Several real-world applications need to manage and reason about large amounts of data that are inherently uncertain. For instance, pervasive computing applications must constantly reason about volumes of noisy sensory readings, e.g. for motion prediction and human behavior modeling; information-extraction tools can assign different possible labels with varying degrees of confidence to segments of text, due to the uncertainties and noise present in free-text data. Such probabilistic data analyses require sophisticated machine-learning tools that can effectively model the complex correlation patterns present in real-life data. Unfortunately, to date, approaches to Probabilistic Database Systems (PDBSs) have relied on somewhat simplistic models of uncertainty that can be easily mapped onto existing relational architectures: Probabilities are typically associated with individual data tuples, with little or no support for capturing data correlations. This research proposal aims to design and build novel PDBS architectures that support a broad class of statistical models and probabilistic-reasoning tools as first-class system objects, alongside a traditional relational-table store.

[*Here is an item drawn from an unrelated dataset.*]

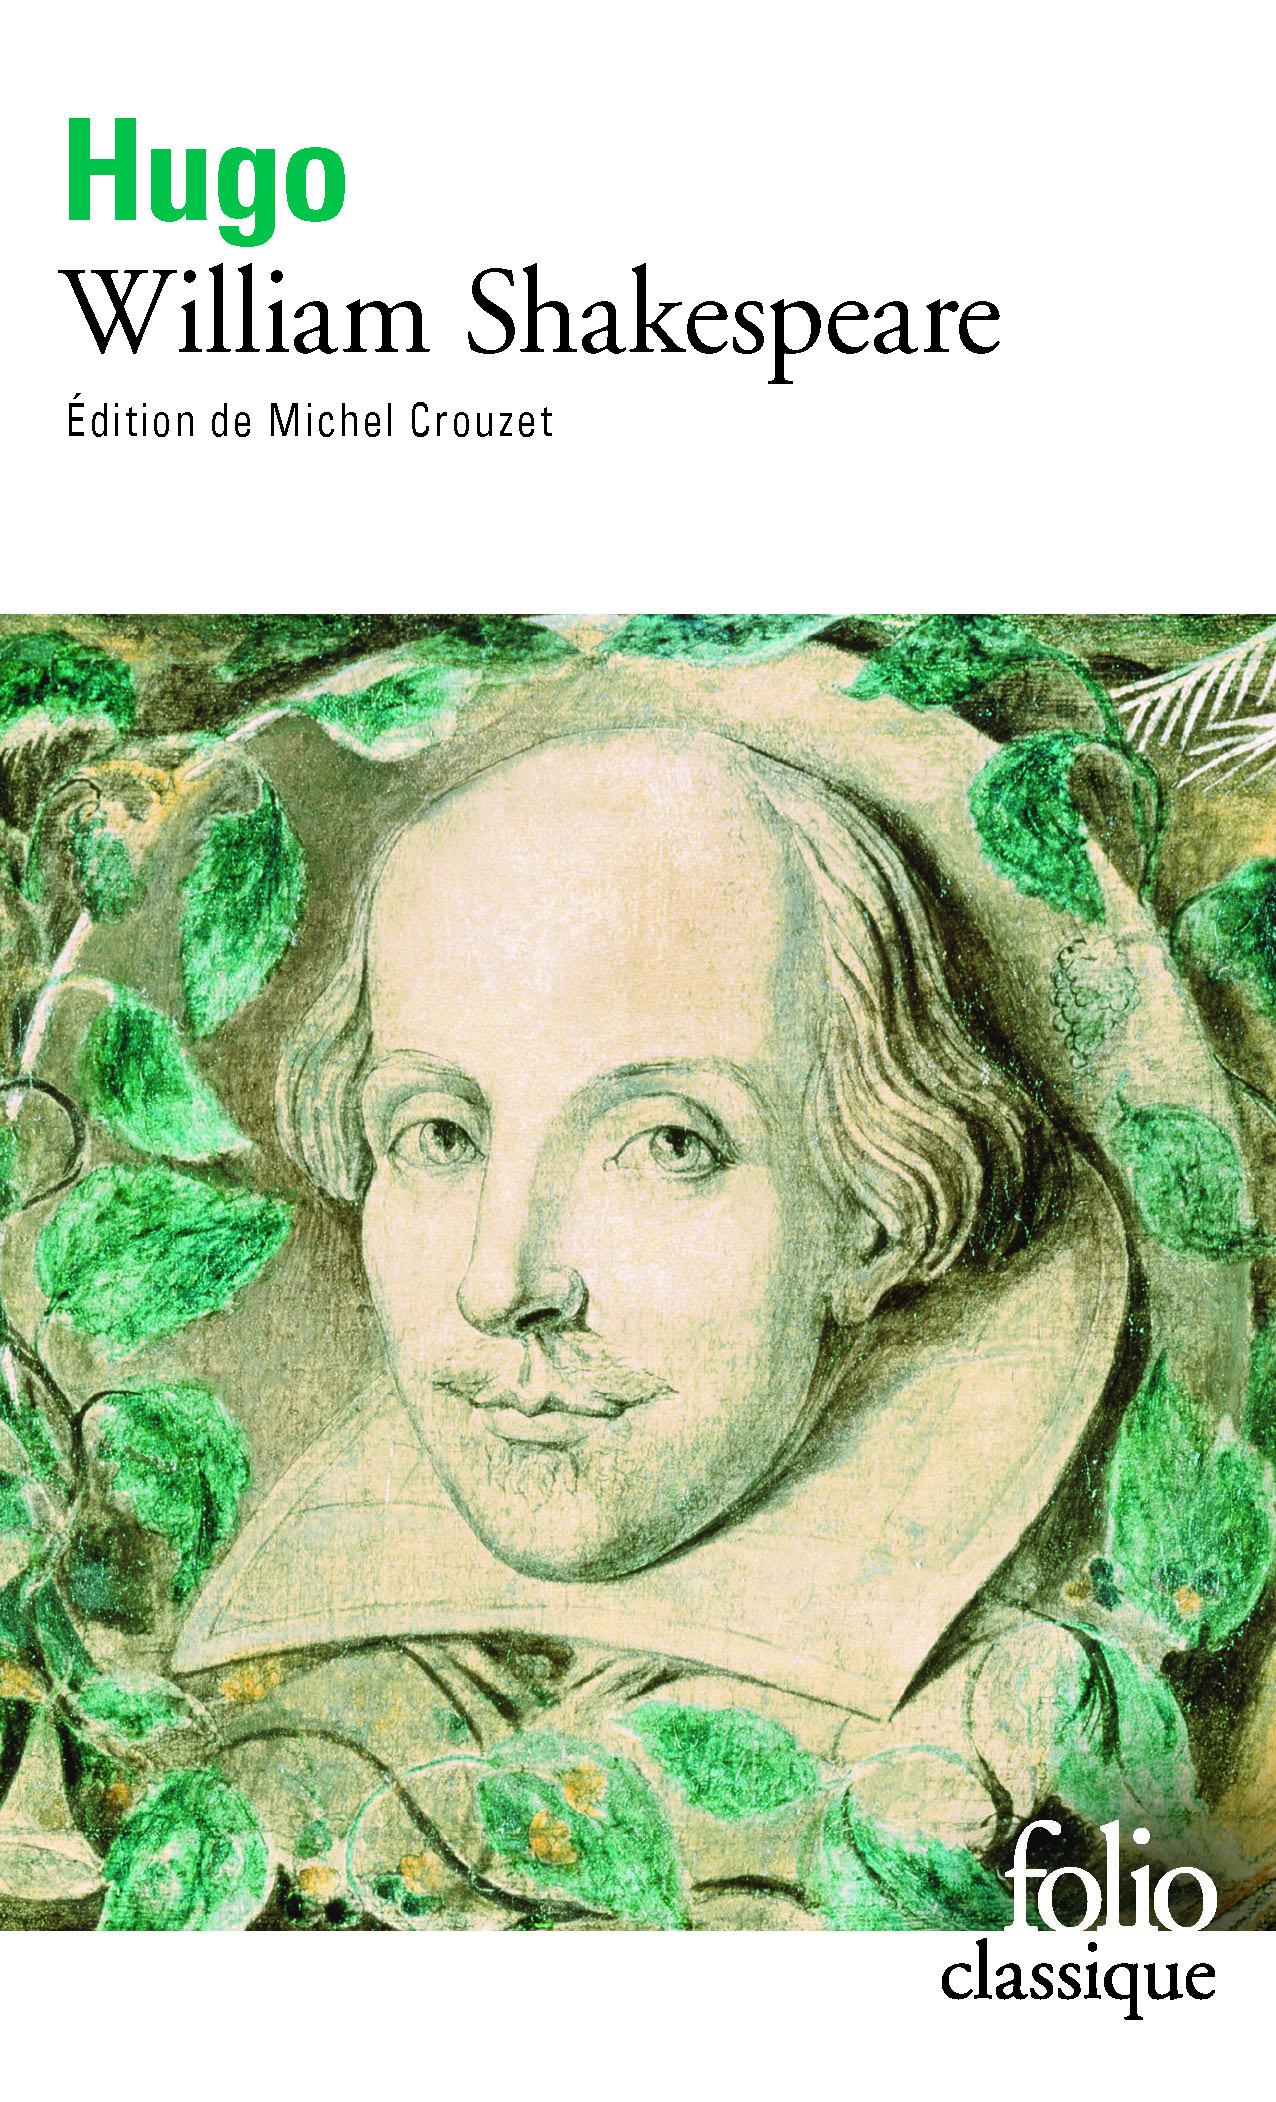 V. Hugo, William Shakespeare (éd. M. Crouzet, Folio Classiques)
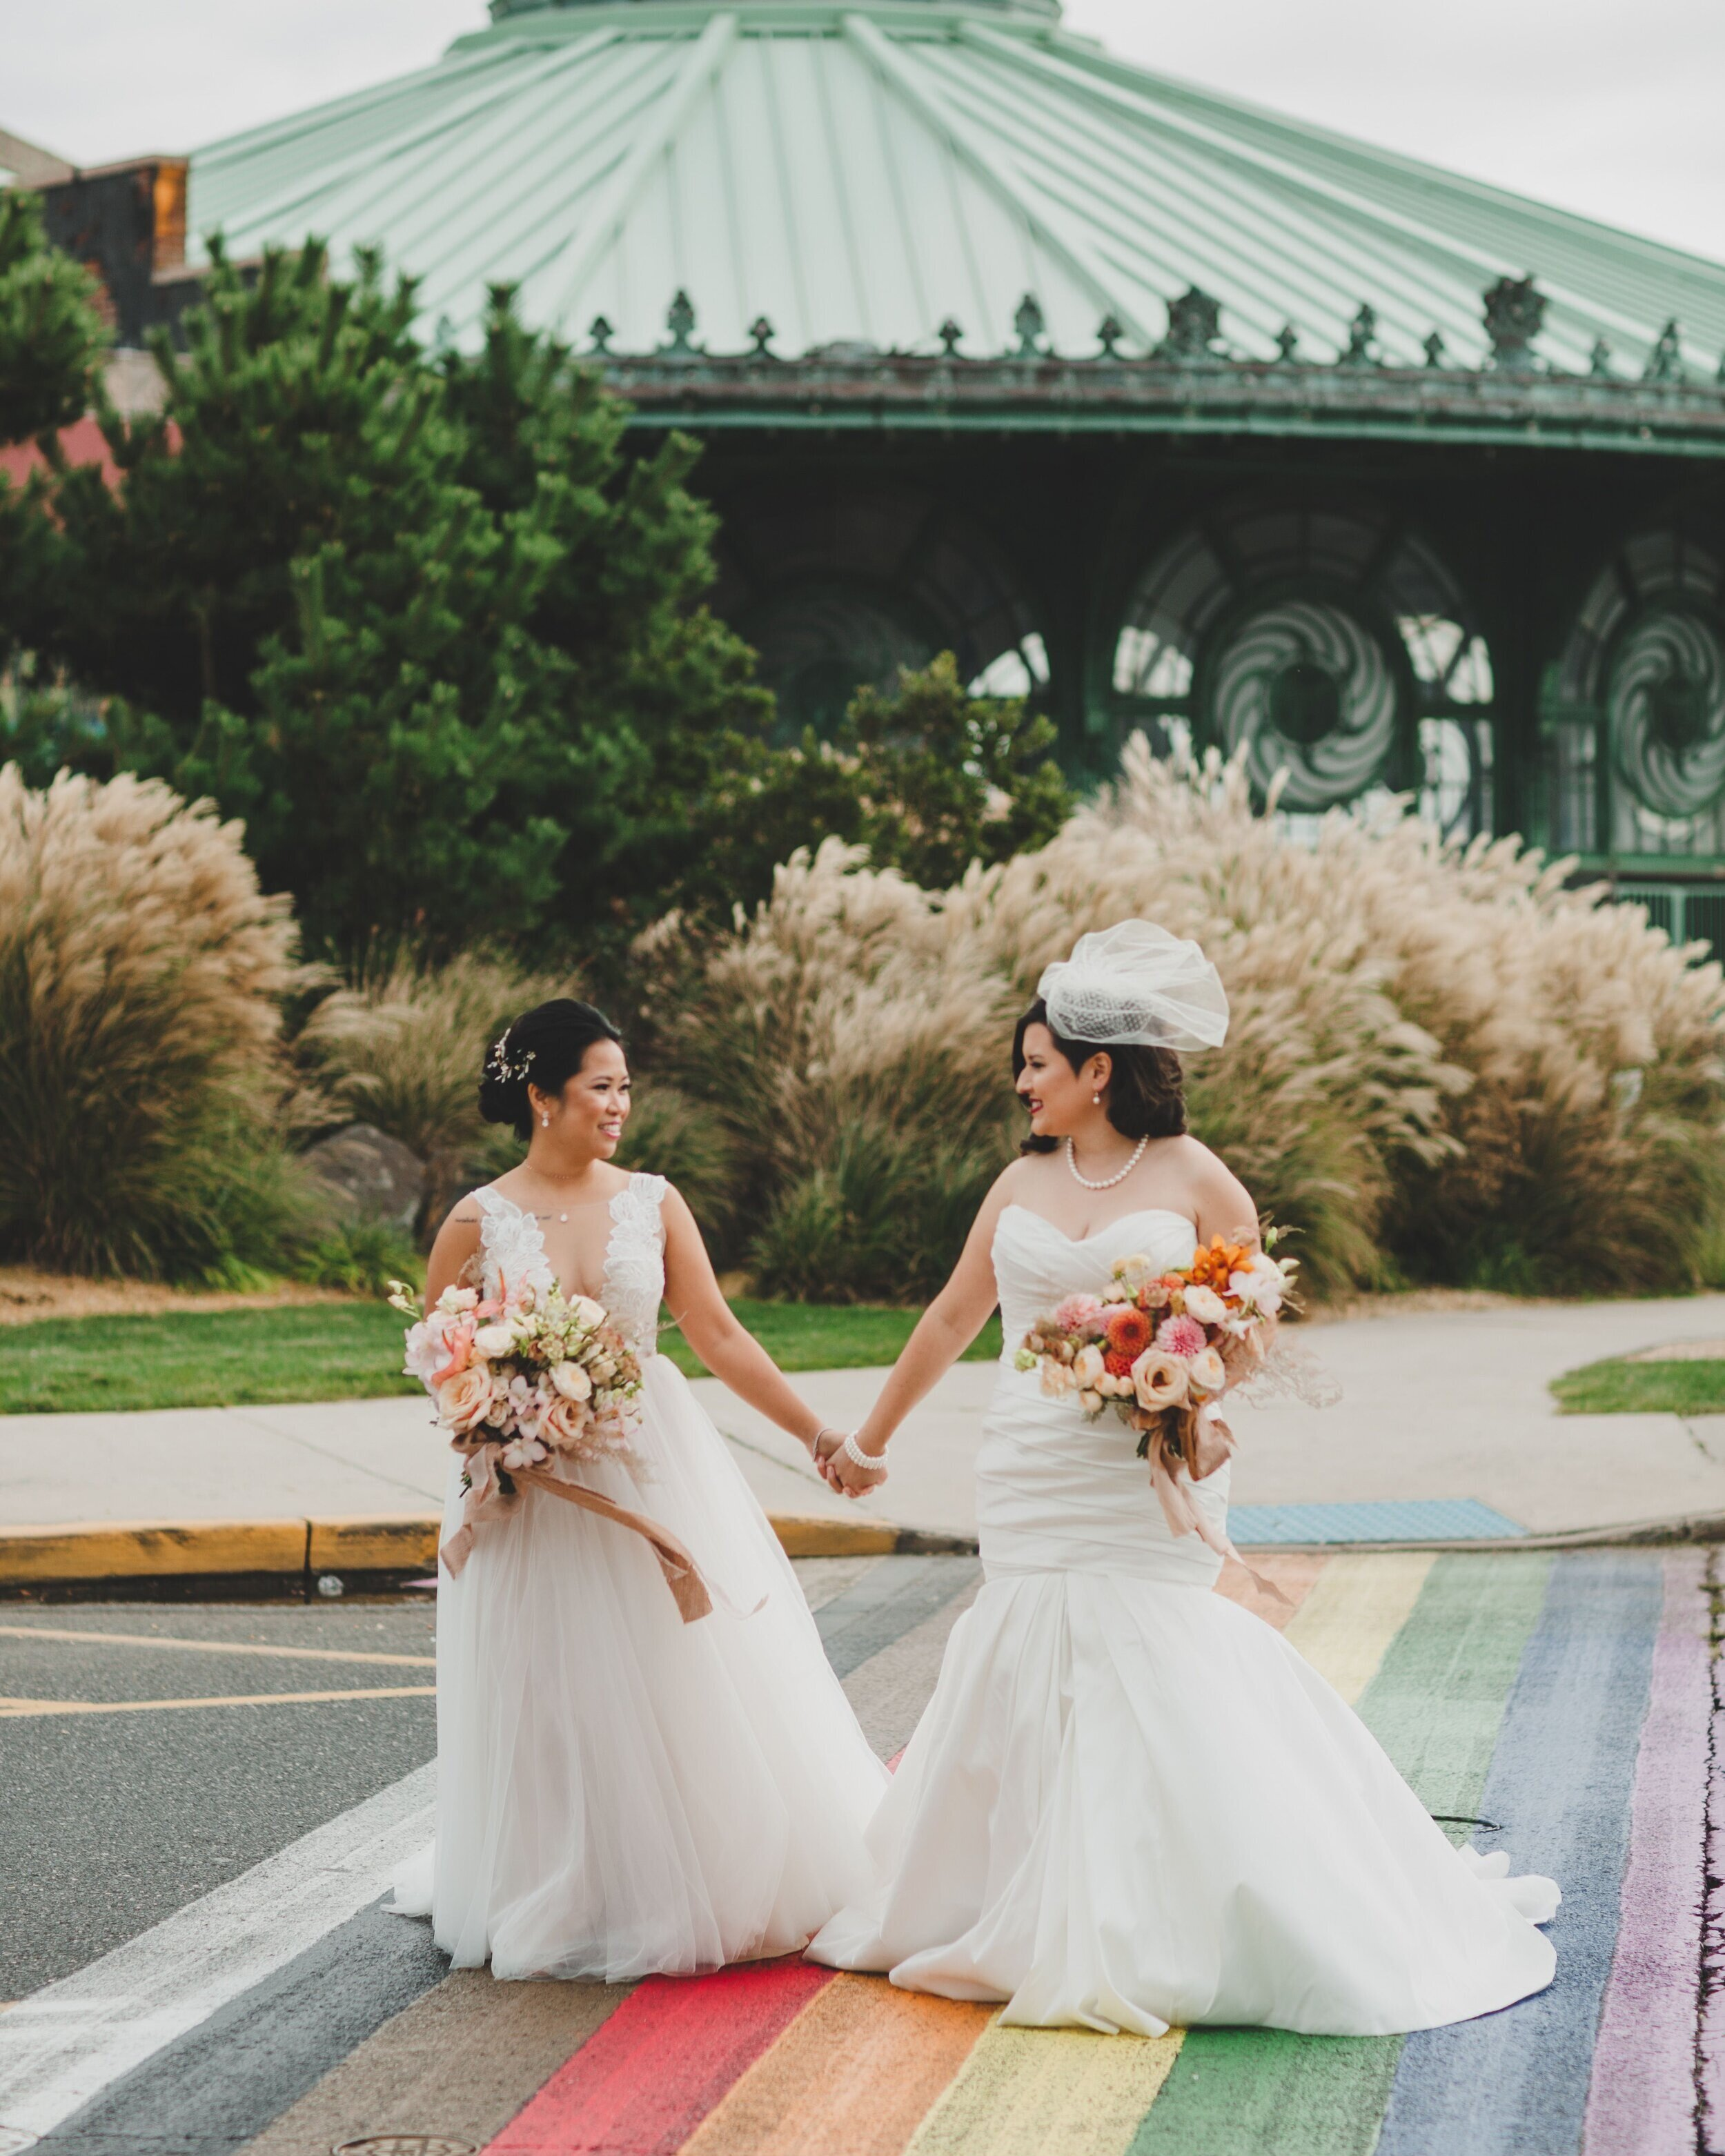 About Nj Ny Wedding Florist Florals Kerry Patel Poetic Florals,Petite Dresses Wedding Guest

Our proposed architectures employ statistical models to effectively encode data-correlation patterns, and promote probabilistic inference as part of the standard database operator repertoire to support efficient and sound query processing. This tight coupling of relational databases and statistical models represents a major departure from conventional database systems, and many of the core system components need to be revisited and fundamentally re-thought. The proposed research will attack several of the key challenges arising in this novel PDBS paradigm (including, query processing, query optimization, data summarization, extensibility, and model learning and evolution), build usable prototypes, and investigate key application domains (e.g. information extraction).

Building on our earlier work and results on probabilistic data management [7,8], our research in the HeisenData project has revolved around a number of different axes, including: (1) New probabilistic-data synopses for effective query optimization and processing in PDBSs; (2) Novel PDBS algorithms and architectures integrating state-of-the-art statistical models for Information Extraction (IE) and Entity Resolution (ER); and, (3) Scalable algorithms and tools for large-scale statistical inference and lineage processing in PDBSs. More specifically, our key results over this first period of the project are as follows. (Copies of relevant publications can be downloaded from the HeisenData project web site, at: http://heisendata.softnet.tuc.gr/ )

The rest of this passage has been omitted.